Saturday, June 11, 2016

Move the goal posts? How about erasing them altogether!?

Decius at the Journal of American Greatness writes about Speaker Paul Ryan and his plans for a new GOP initiative on poverty...
But the Trump campaign is vastly superior to Ryan in its core understanding of the core issues most urgent right now. Every new President can focus on three, at most four, such issues. Trump seems to have three: secure borders, economic nationalism, and interests-based foreign policy. We can have a debate about whether those are the most urgent issues just now. Indeed, the whole campaign may be said to be such a debate. We’ll see who wins. 

Obviously, we at JAG think these are the most urgent issues just now. Maybe you agree, maybe you don’t. But does anyone—other than Paul Ryan—believe that developing a new poverty policy is the most urgent issue right now? Perhaps Jack Kemp’s ghost?
The "why" of Ryan's priority has little to do with compassion for the poor. It has everything to do with compassion for his own political career.
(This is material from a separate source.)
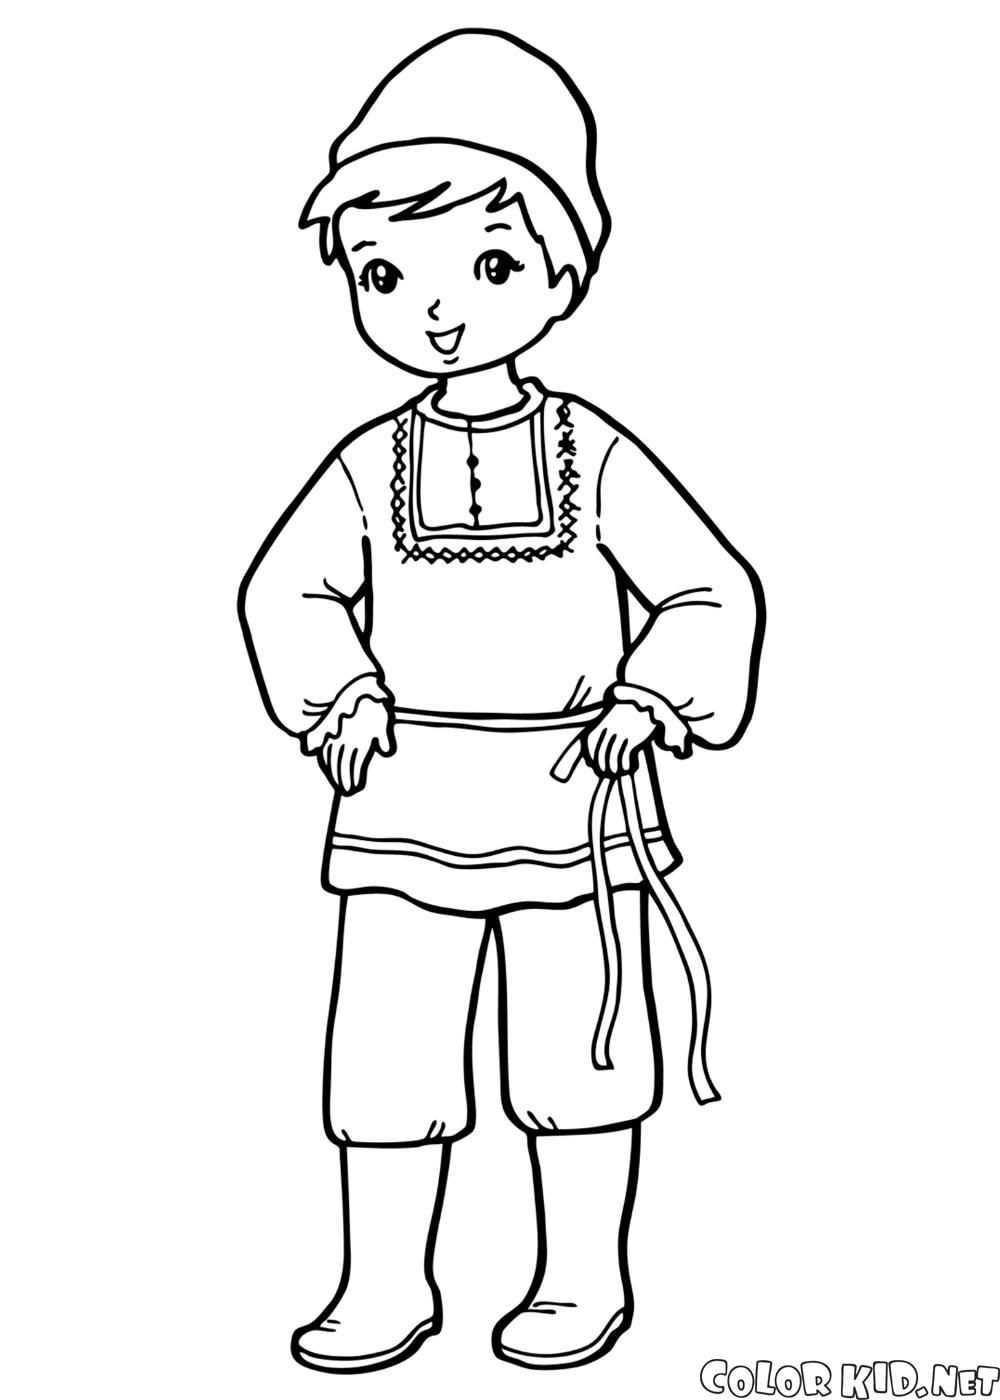 Coloring page - The boy in national costume

The three Trump policy priorities Decius lists above have one thing in common: They can be measured for success or failure. Ryan's cannot. There is no metric by which you can judge an anti-poverty campaign. You can, however, determine whether or not a border is truly secure. You can judge whether or not an economic policy is helping or hurting the economy. You can decide whether or not our foreign policy is advancing or hindering our national interests.
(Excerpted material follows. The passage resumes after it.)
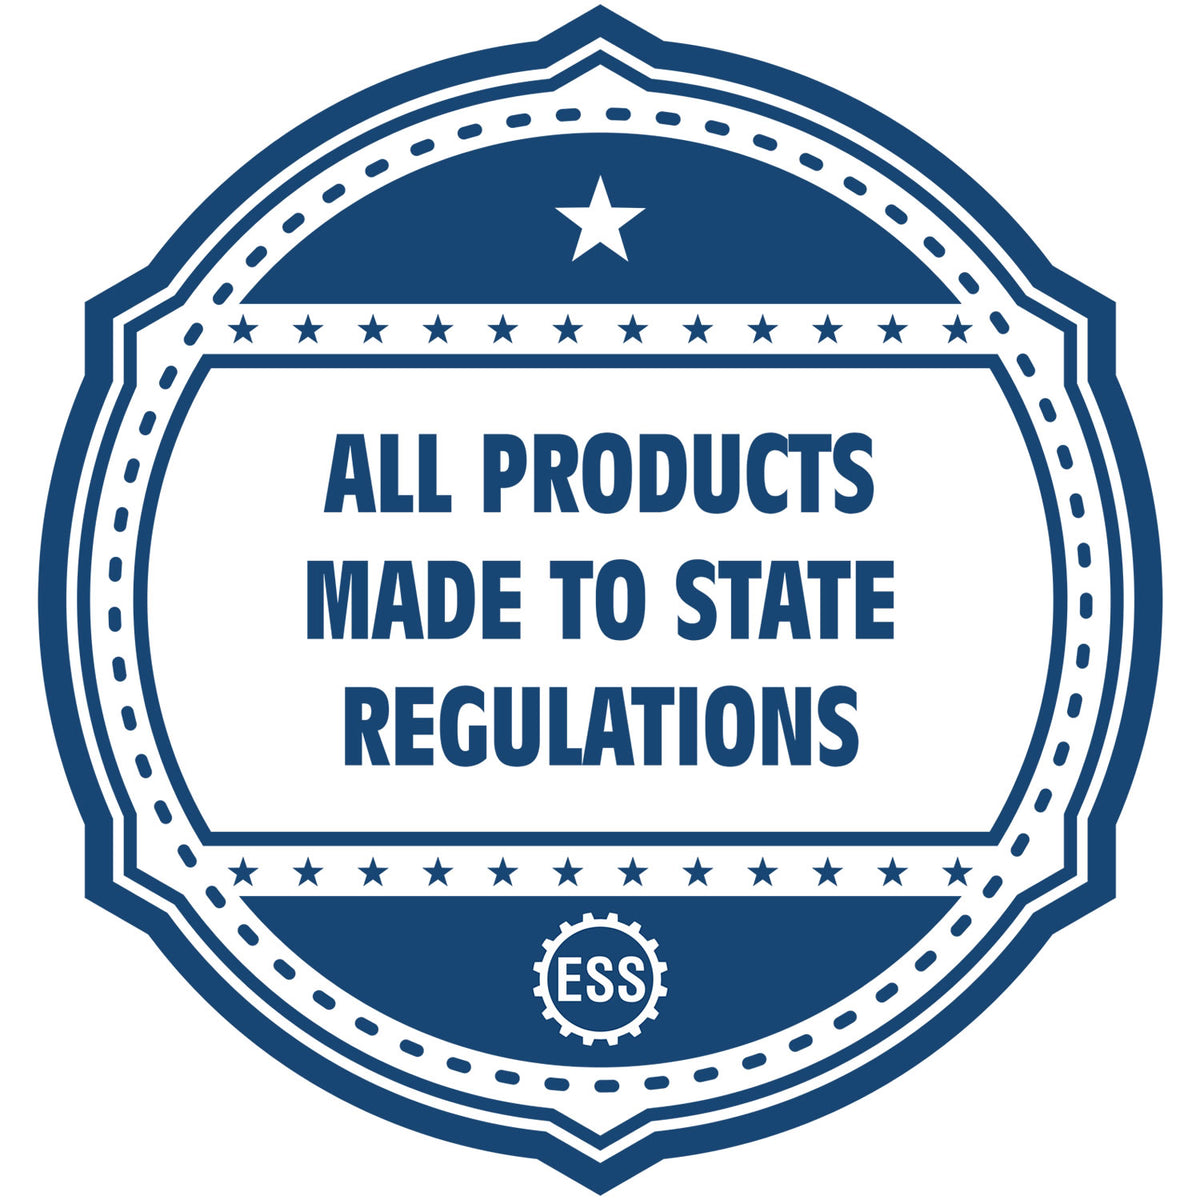 An icon or badge element for the Self-Inking State Seal Connecticut Notary Stamp showing that this product is made in compliance with state regulations.

Trump, unlike Paul Ryan or the entire Democrat Party, is putting his political capital where his mouth is. He's advancing policy priorities that can be used to judge his performance. Judging Ryan's performance with regard to the efficacy of his poverty program would be like nailing Jell-O to a tree. Since you can't say that he succeeded, you can't say that he failed.

There's an old Klingon proverb: bItuHlaHbe'chugh bIquvlaHbe'. "If you cannot be shamed, you cannot be honored." Paul Ryan turns that on its ear to become "If you cannot be honored, you cannot be shamed."